Печка в блиндаже, сковорода,
сто законных грамм,
кусок колбаски,
анекдоты, байки и побаски.
Горе — не беда!
— Кто нам запретит роскошно жить? —
говорит комвзвода,
вычерпавший воду
из сырого блиндажа. —
Жизнь, по сути дела, хороша!
— Кто мешает нам роскошно жить? —
Он плеснул бензину в печку-бочку,
спичку вытащил из коробочка,
хочет самокрутку раскурить.
Если доживет — после войны
кем он станет?
Что его обяжут и заставят
делать?
А покуда — хоть бы хны.
А пока за целый километр
Западного фронта
держит он немедленный ответ
перед Родиной и командиром роты.
А пока за тридцать человек
спросит, если что, и мир и век
не с кого-нибудь, с комвзвода,
только что повыплеснувшего воду
из сырого блиндажа.
Жизнь, по сути дела, хороша.
Двадцать два ему, из них на фронте — два,
два, похожих на два века года,
дорога и далека Москва,
в повзрослевшем только что,
едва,
сердце — полная свобода.
А что такое полная свобода?
Не тайная, а явная?
Когда
отбита беда?
Забыта забота?
Я не спешу.

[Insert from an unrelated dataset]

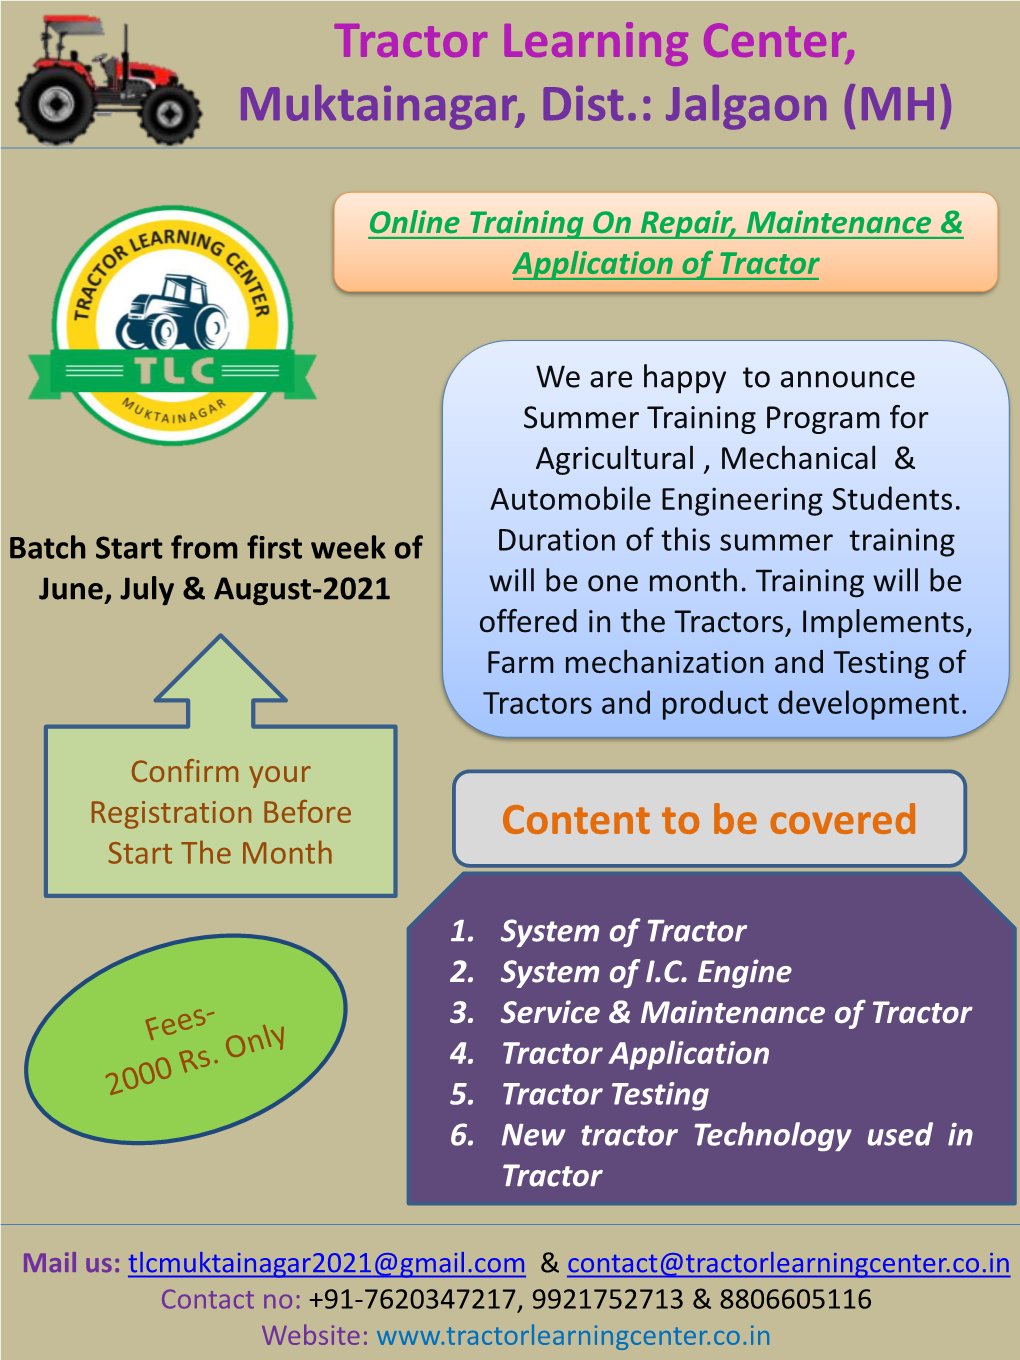 Tractor Learning Center, Muktainagar, Dist.: Jalgaon (MH)

Как царственно я медлю!
Какую джип даст по асфальту петлю
у замка на ладони, на виду!
Проеду — головой не поведу.
А изо всех бойниц наведены
эсэсовские пулеметы.
Но месяц май,
и до конца войны
неделя!
И я полной полн свободы.
Шофера не гоню, не тороплю
и ускорения не потерплю.
— Не торопитесь, — говорю шоферу. —
Не выстрелят!
Теперь им не посметь! —
Я говорю и чувствую, как смерть
отпрянула. Воротится не скоро.
Блистает солнце на альпийских видах,
и месяц май.
В Берлине Гитлер сдох.
Я делаю свободы полный вдох.
Еще не скоро делать полный выдох.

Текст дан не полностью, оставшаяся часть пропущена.